### Collected data ###

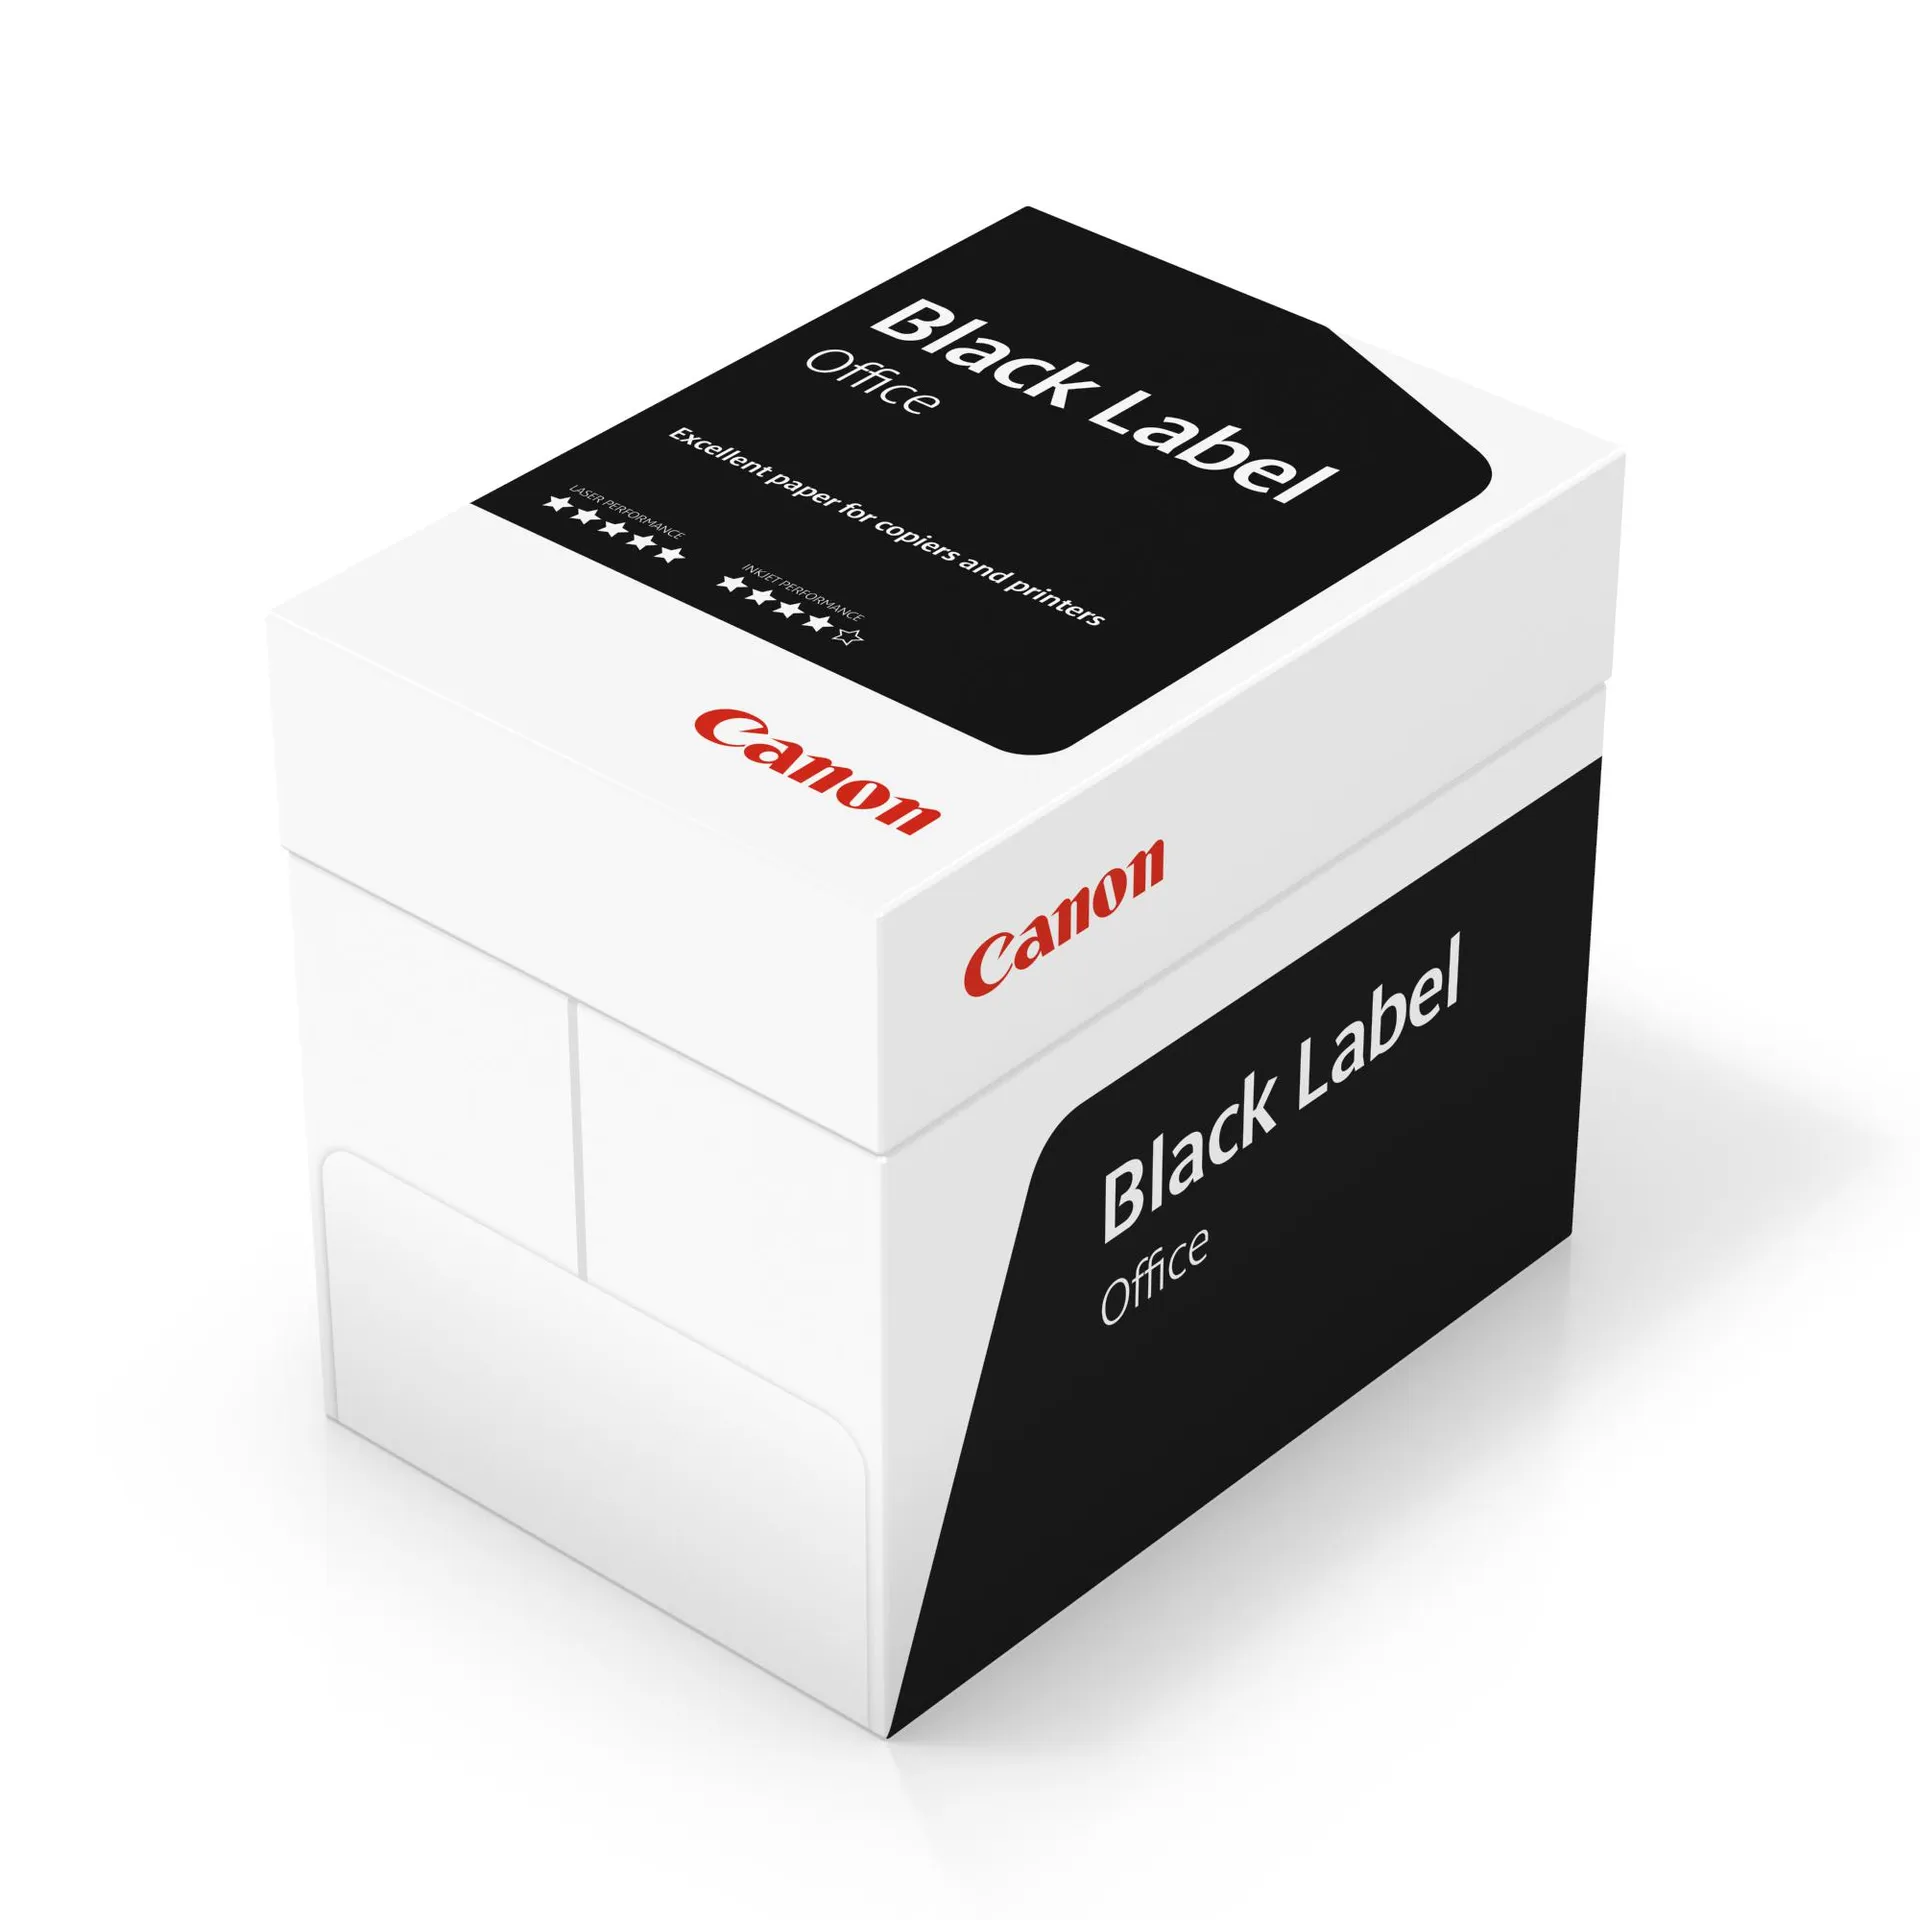 Canon Black Label Office Papier A3 80 g/m² Wit
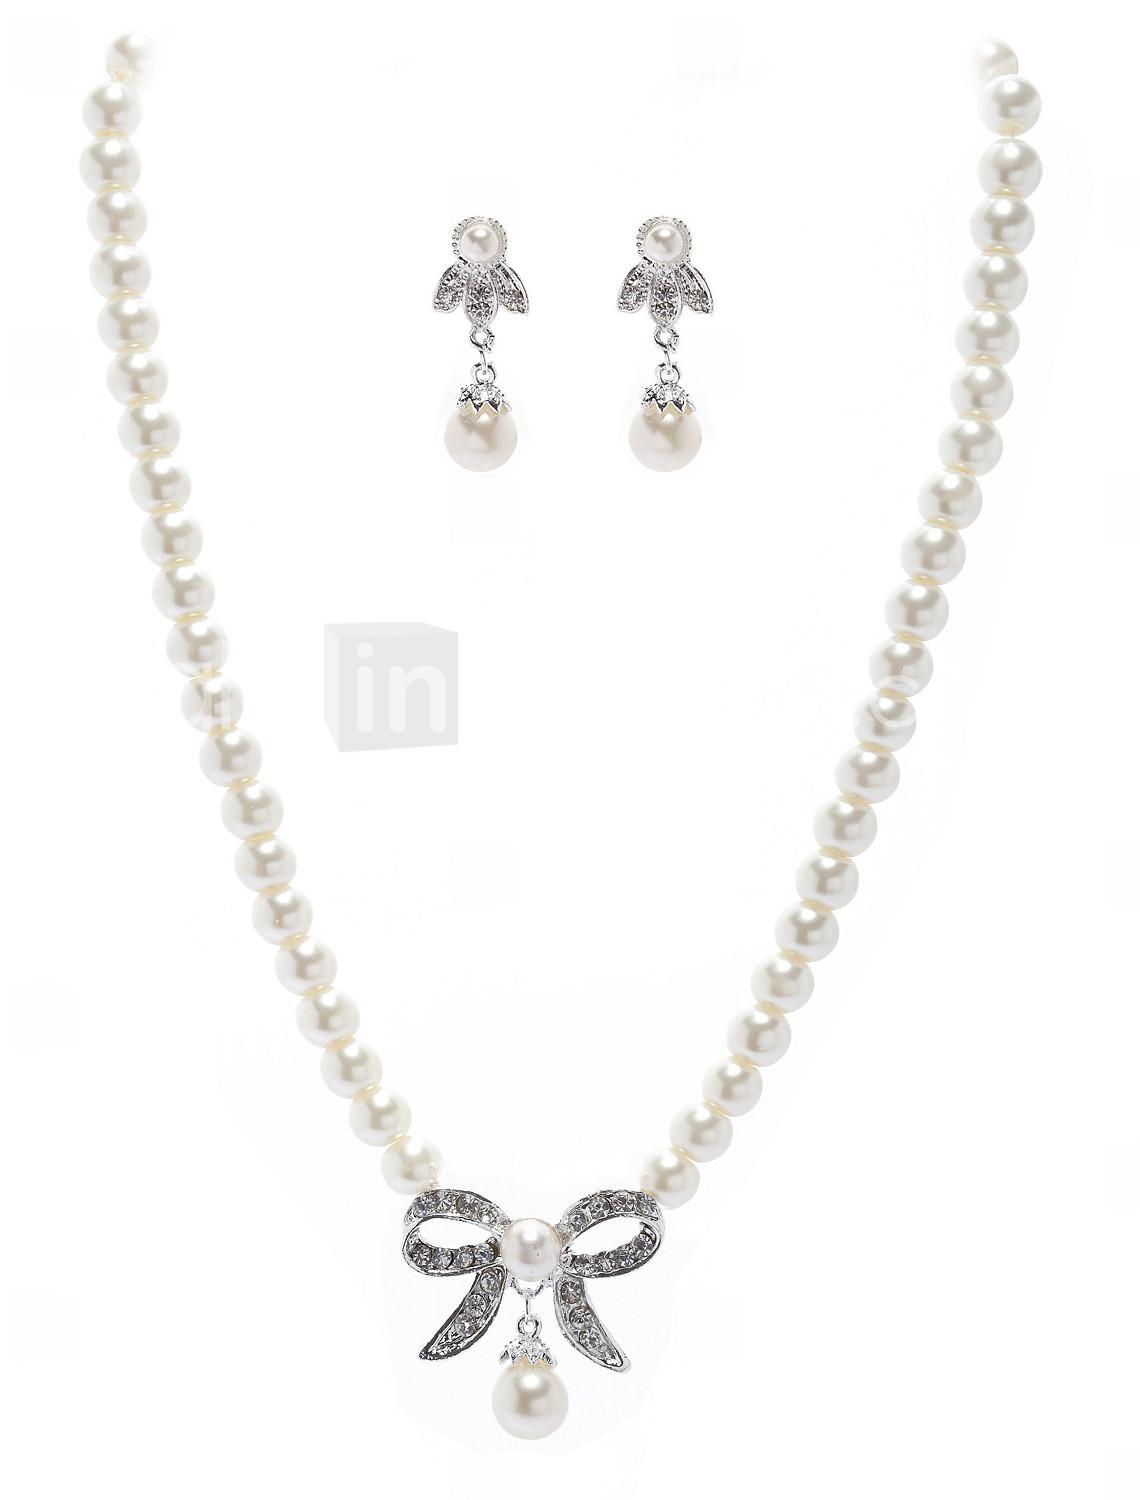 Foto perla con collar de diamantes de imitación de proa y aretes
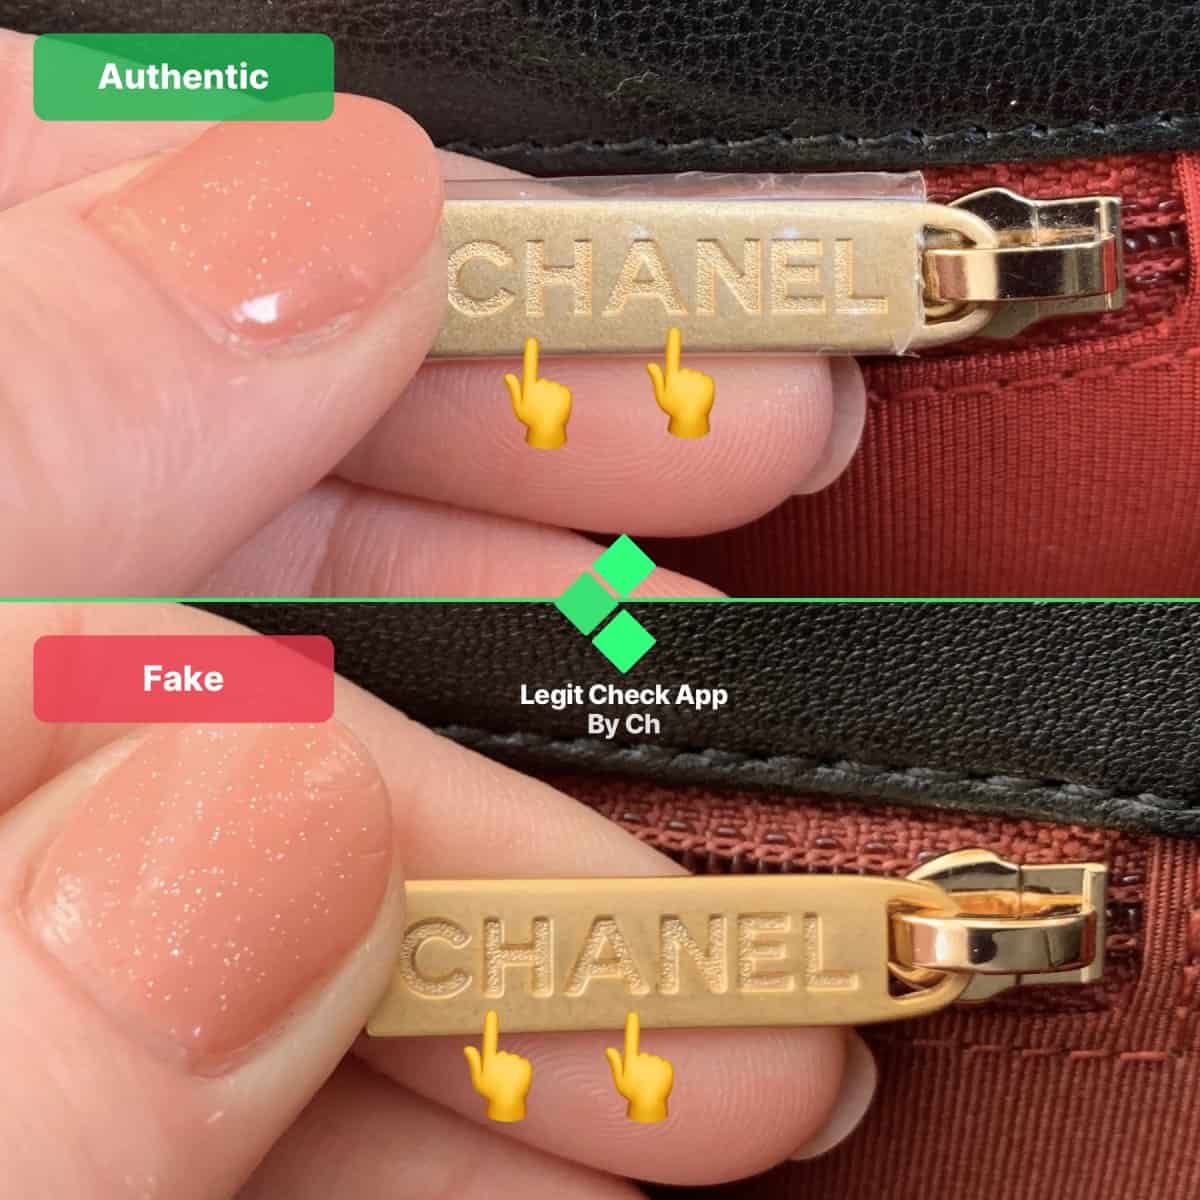 Real vs Fake Chanel 19 handle

###

What do the lines above say from the line containing "Foto perla con" through the last line? Quote them exactly, both ends included, and leave out the pictures.

_Answer to the problem_:
 Foto perla con collar de diamantes de imitación de proa y aretes
 Real vs Fake Chanel 19 handle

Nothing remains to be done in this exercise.